By studying the difference between differentiation and proliferation using the aforementioned machine learning methods, as differentiation is an umbrella process composed by many subprocesses, we speculated that an underlying proliferation process might be shown at an earlier stage of the cell culture by a model trained at a later stage by the systematic accuracy drop as the ability of the model to distinguish both processes decreases. While the results point towards this, the third cell line drop at only 5% is not enough to draw this conclusion without more data.

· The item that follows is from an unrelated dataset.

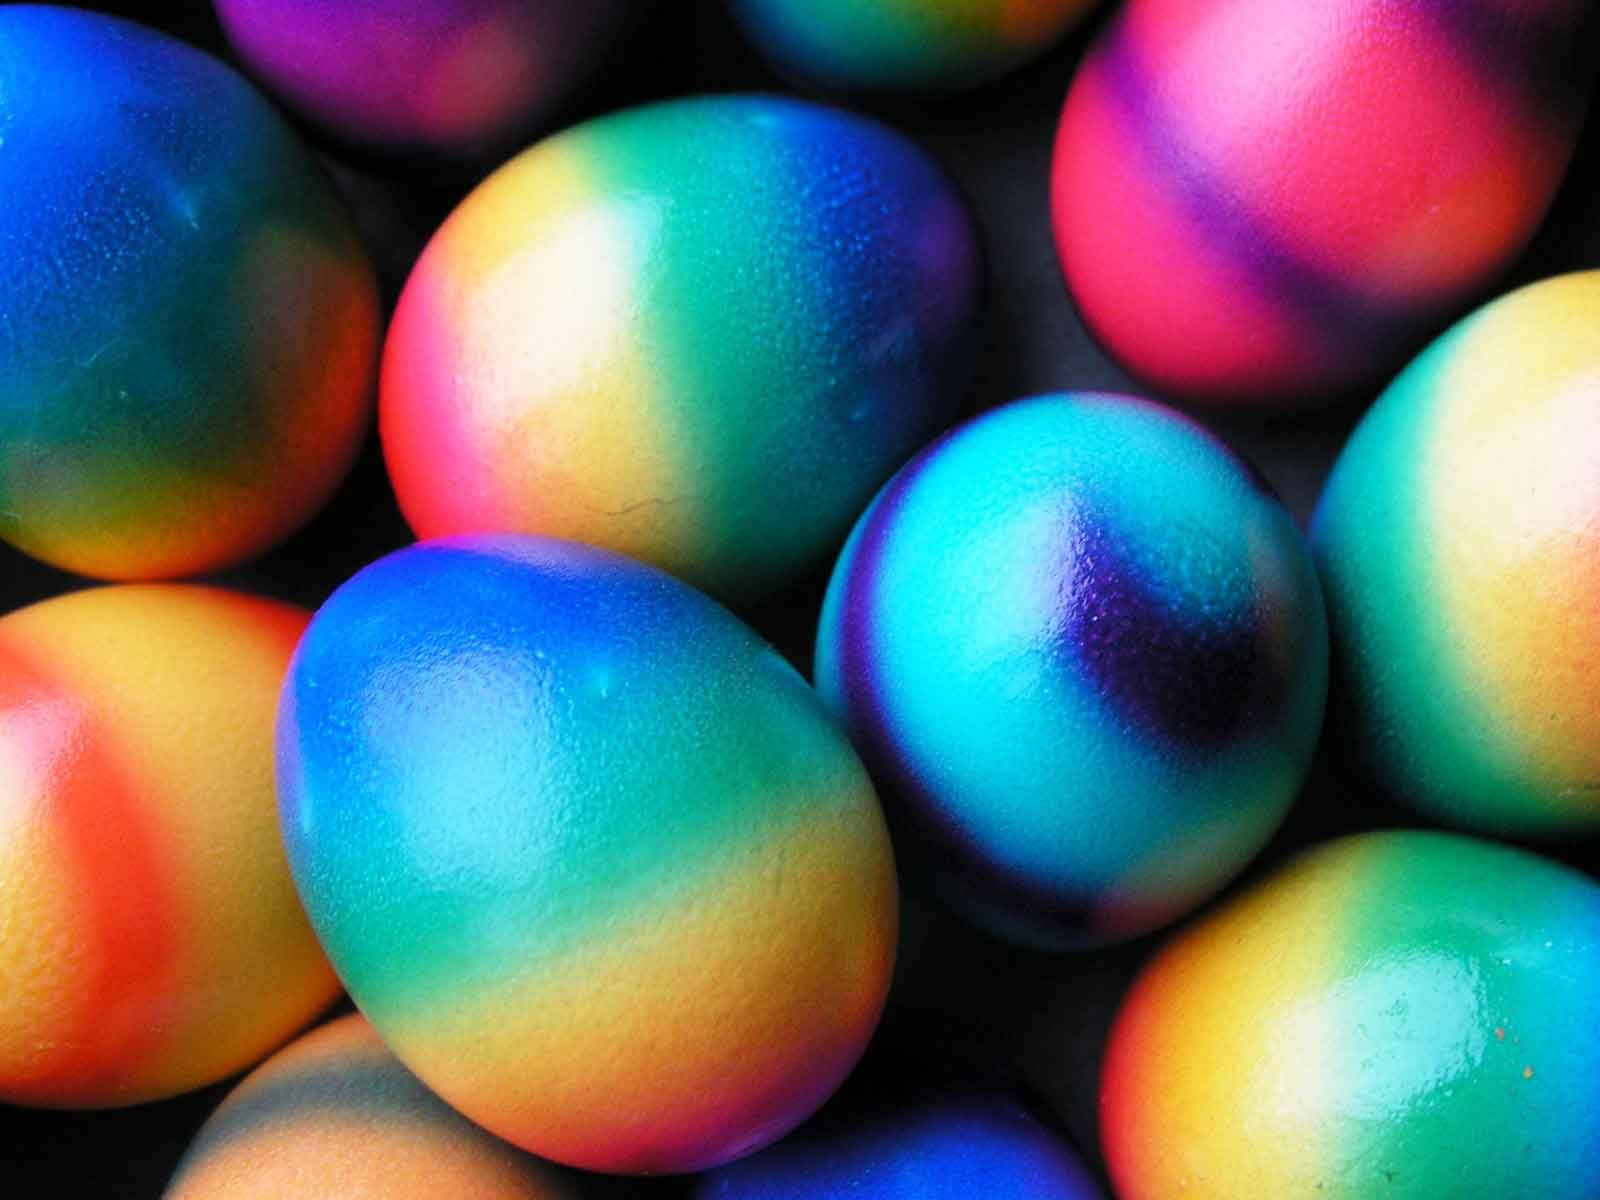 Pastel Easter Egg Wallpapers - Top Free Pastel Easter Egg Backgrounds

While still in its infancy, this proof of concept suggests that machine learning methods might be used to identify the underlying biological processes beneath stem cell differentiation. A possible approach would be to model each basic behavior (migration, reuptake, proliferation, reshape) and by using high time resolution EIS measurements, to determine the dominant process during each stage of differentiation or less ambitiously, to perform a time series analysis with the methods used in this work.